Another strong opponent is Rep. Christopher Smith of New Jersey, chairman of the House Subcommittee on Human Rights. He spoke of “the thousands of women and children trafficked and exploited in Germany’s legal sex industry to accommodate the huge influx of…male fans.” Not just women, but children as well. The thought is unthinkable to us and doubly unthinkable when we read that UNICEF (the United Nations Children’s Fund) and SOS Children’s Village are listed as official sponsors of the games. SOS Children’s Village is the “official charity campaign of the FIFA World Cup 2006” and calls itself an international child welfare organization. Under Germany’s “pragmatic approach,” it appears that the charity will be benefiting from events surrounded by the exploitation of children. Go figure.

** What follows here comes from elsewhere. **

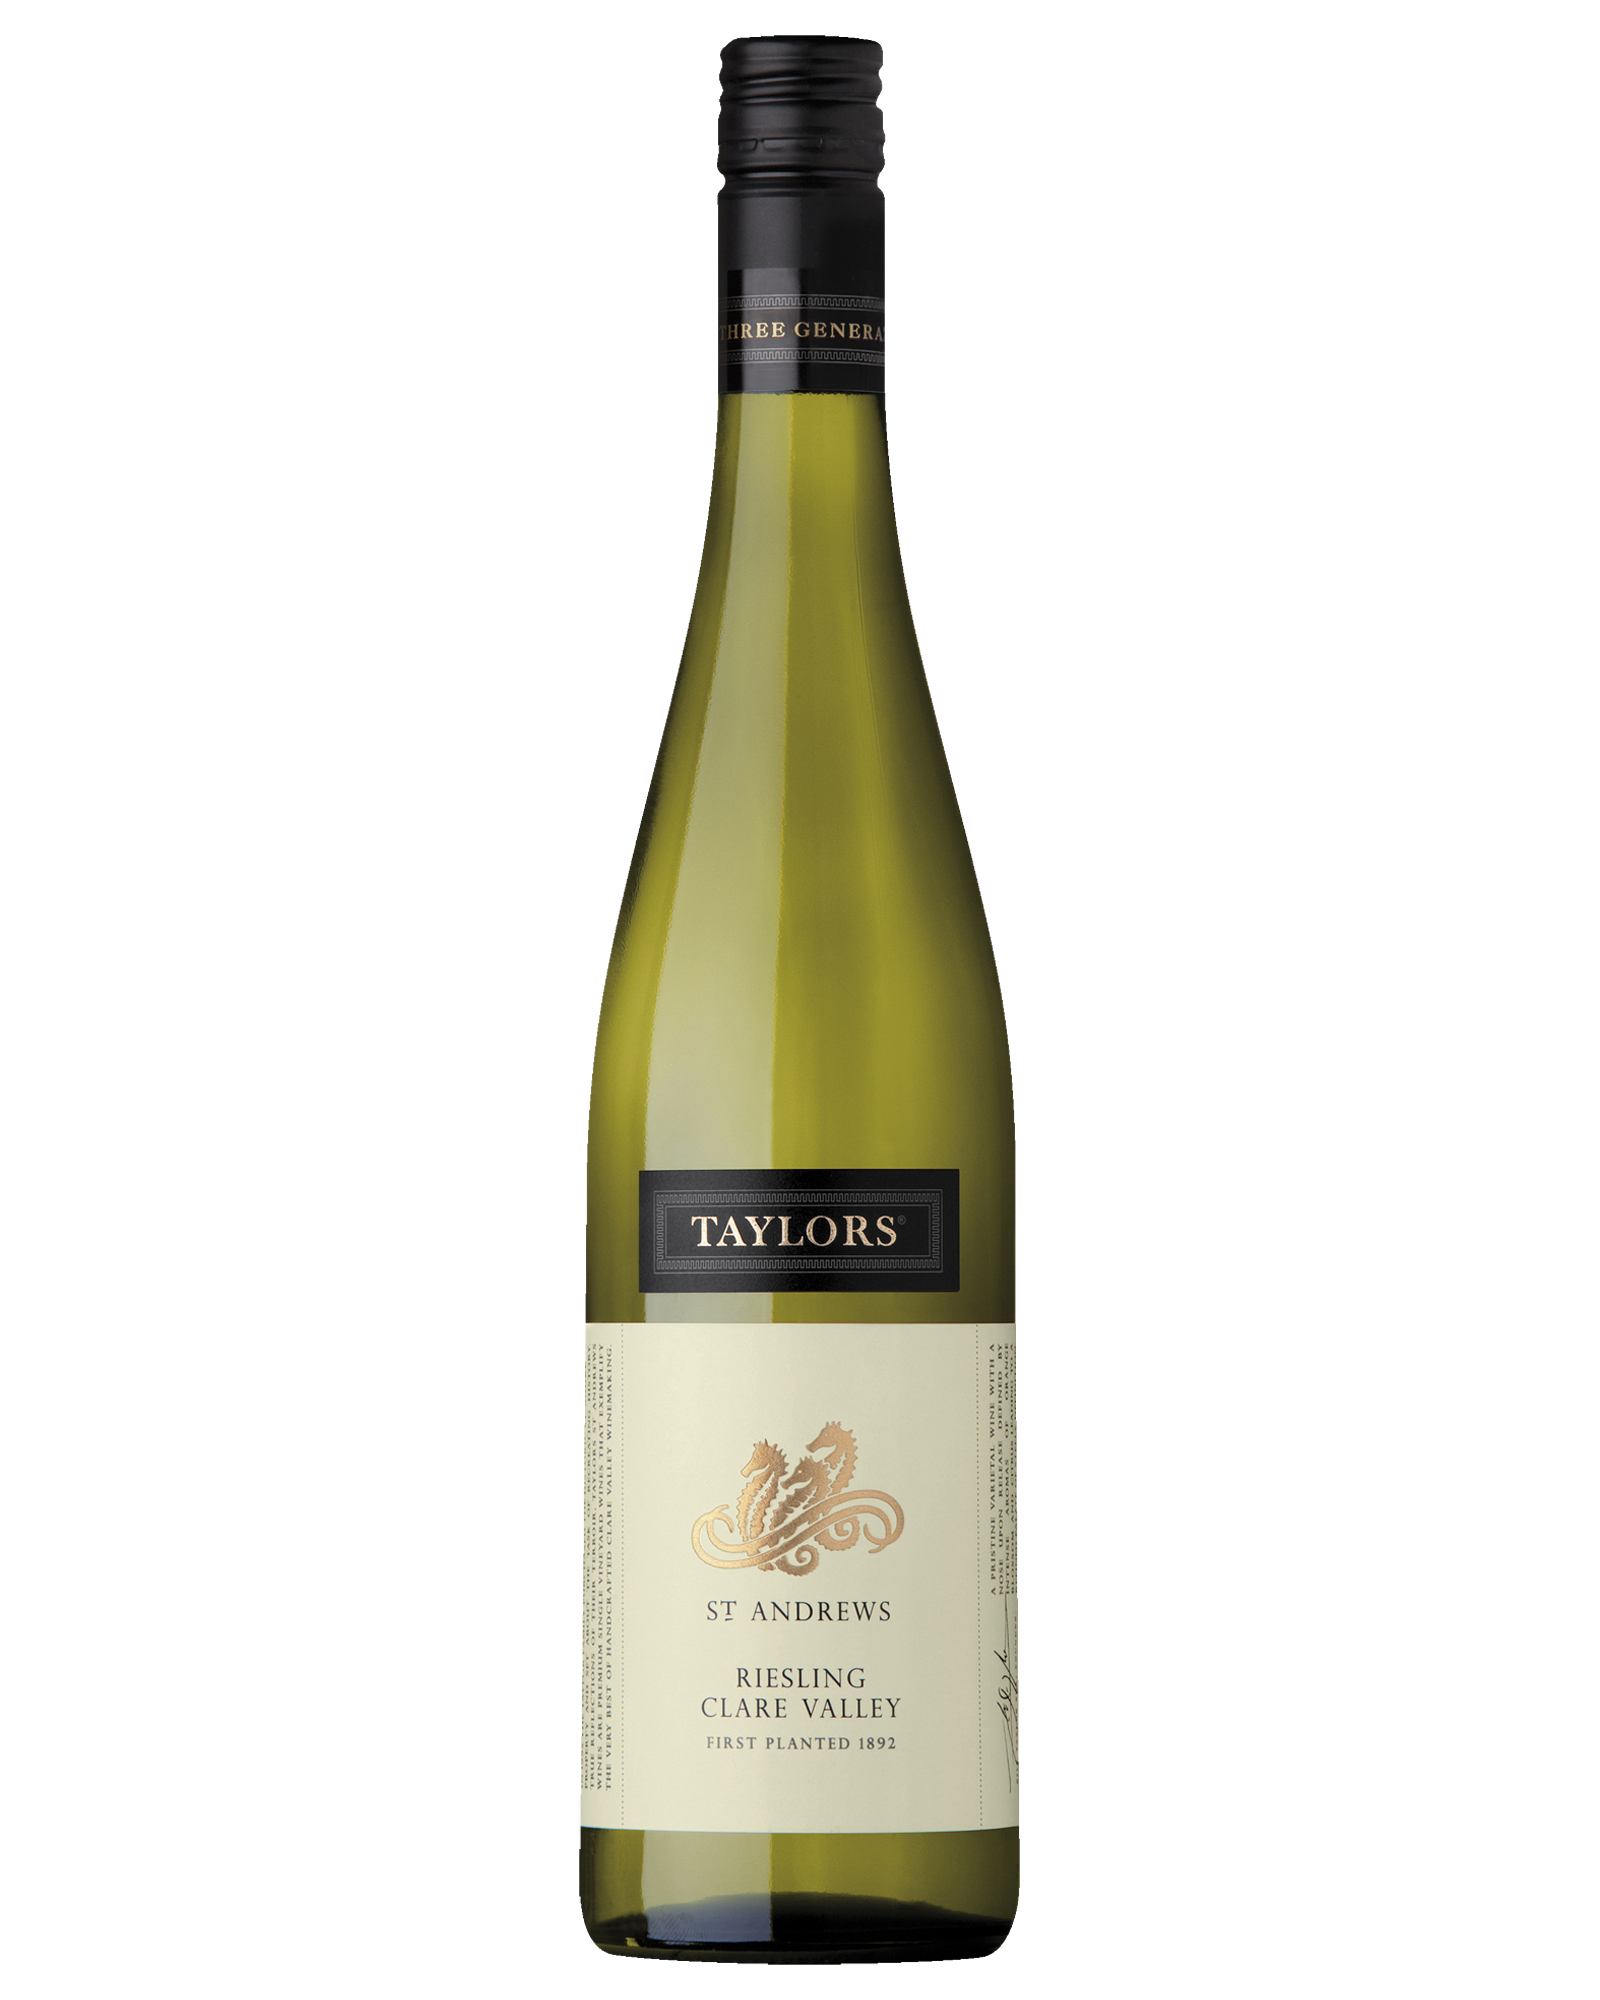 Taylors St Andrews Riesling 2013

On the eve of the games, others are speaking out as well. The European Parliament has warned of the dangers of trafficking and stressed the need for an integrated Europe-wide campaign to combat the scourge. The National Women’s Council of Ireland (NWCI) has launched a nationwide public awareness campaign with the slogan “Buying Sex is not a Sport.” Other women’s groups across Europe joined in and there were protests at Nordic Council meetings in Stockholm.
Will all of this have done any good by the time the games are over? Or have the follies of our times — moral relativism, sex revolutions, nonjudgmentalism, and all the others — simply come home to roost?